Hanya beberapa contoh emosi yang dapat diekspresikan melalui ekspresi wajah meliputi:
- Kebahagiaan
- Kesedihan
- Marah
- Mengherankan
- Menjijikkan
- Takut
- Kebingungan
- Kegembiraan
- Keinginan
- Penghinaan
Ekspresi wajah seseorang bahkan dapat membantu menentukan apakah kita percaya atau percaya apa yang dikatakan orang itu. Satu penelitian menemukan bahwa ekspresi wajah yang paling dapat dipercaya melibatkan sedikit kenaikan alis dan sedikit senyum. Ungkapan ini, para peneliti menyarankan, menyampaikan baik keramahan dan keyakinan.
Ekspresi wajah juga termasuk bentuk bahasa tubuh yang paling universal. Ungkapan yang digunakan untuk menyampaikan ketakutan, kemarahan, kesedihan, dan kebahagiaan serupa di seluruh dunia. Peneliti Paul Ekman telah menemukan dukungan untuk universalitas berbagai ekspresi wajah yang terkait dengan emosi tertentu termasuk kegembiraan, kemarahan, ketakutan, kejutan, dan kesedihan.
Penelitian bahkan menunjukkan bahwa kita membuat penilaian tentang kecerdasan orang berdasarkan wajah dan ekspresi mereka.

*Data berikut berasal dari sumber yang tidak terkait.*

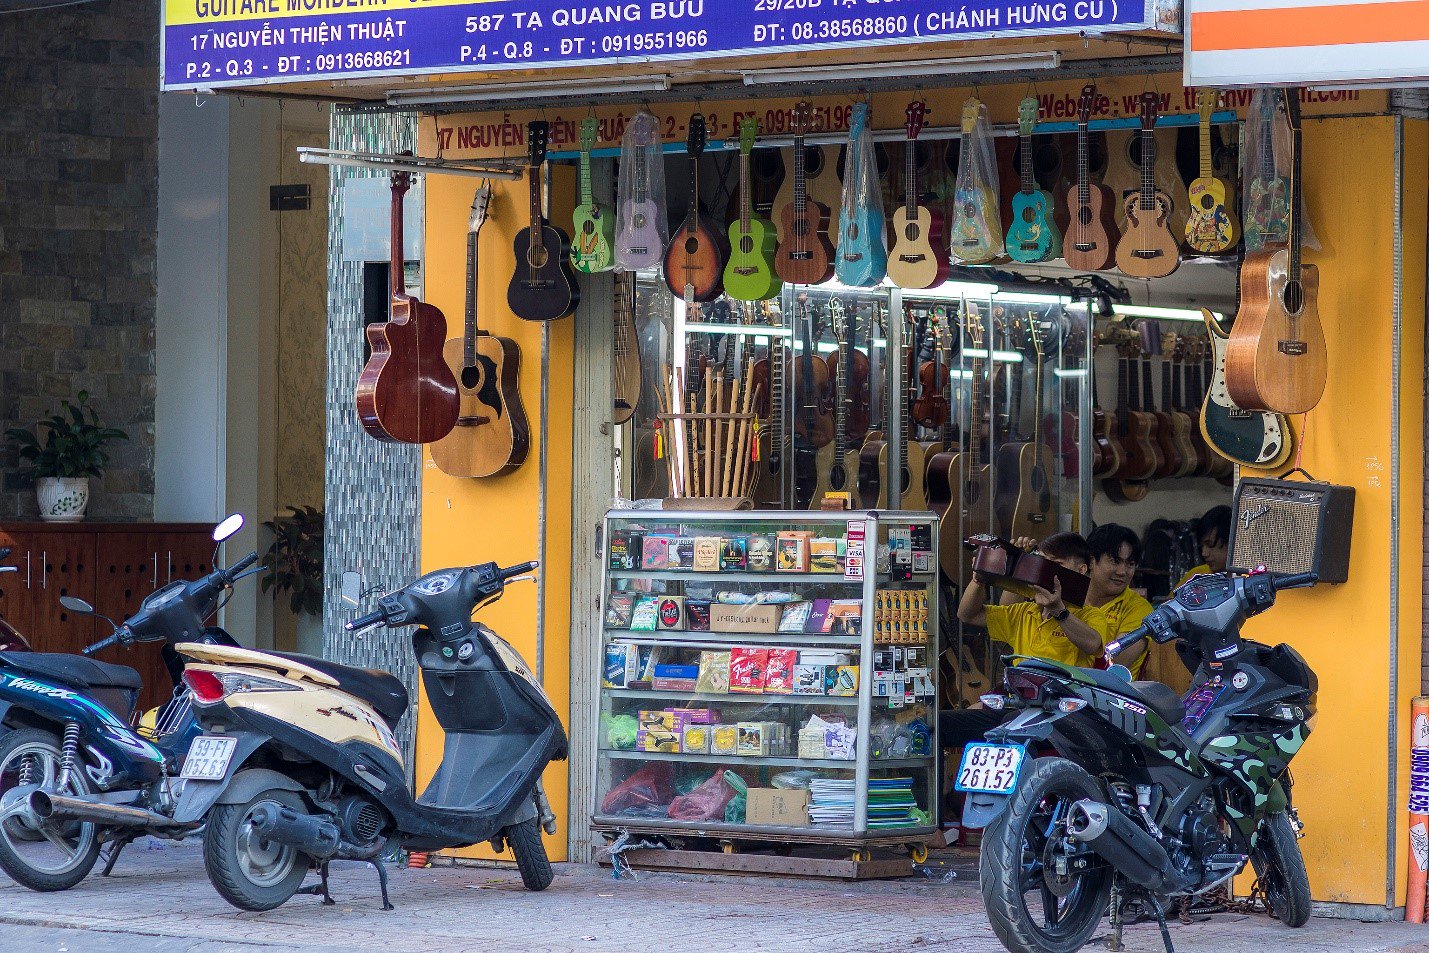 Guitar shop on Nguyen Thien Thuat st.

Satu penelitian menemukan bahwa individu yang memiliki wajah lebih sempit dan hidung yang lebih menonjol lebih mungkin dianggap sebagai orang yang cerdas. Orang-orang yang tersenyum, ekspresi gembira juga dinilai lebih cerdas daripada mereka yang memiliki ekspresi marah.
Mata
Mata sering disebut sebagai "jendela ke jiwa" karena mereka mampu mengungkapkan banyak hal tentang apa yang dirasakan atau dipikirkan seseorang. Ketika Anda terlibat dalam percakapan dengan orang lain, memperhatikan gerakan mata adalah bagian alami dan penting dari proses komunikasi. Beberapa hal umum yang mungkin Anda perhatikan termasuk apakah orang melakukan kontak mata langsung atau mengalihkan pandangan mereka, seberapa banyak mereka berkedip, atau jika pupil mereka melebar.
Saat mengevaluasi bahasa tubuh, perhatikan sinyal mata berikut:
- Tatapan mata: Ketika seseorang melihat langsung ke mata Anda saat melakukan percakapan, itu menunjukkan bahwa mereka tertarik dan memperhatikan . Namun, kontak mata yang lama dapat terasa mengancam. Di sisi lain, memutuskan kontak mata dan sering berpaling mungkin menunjukkan bahwa orang tersebut terganggu, tidak nyaman, atau mencoba untuk menyembunyikan perasaannya yang sebenarnya.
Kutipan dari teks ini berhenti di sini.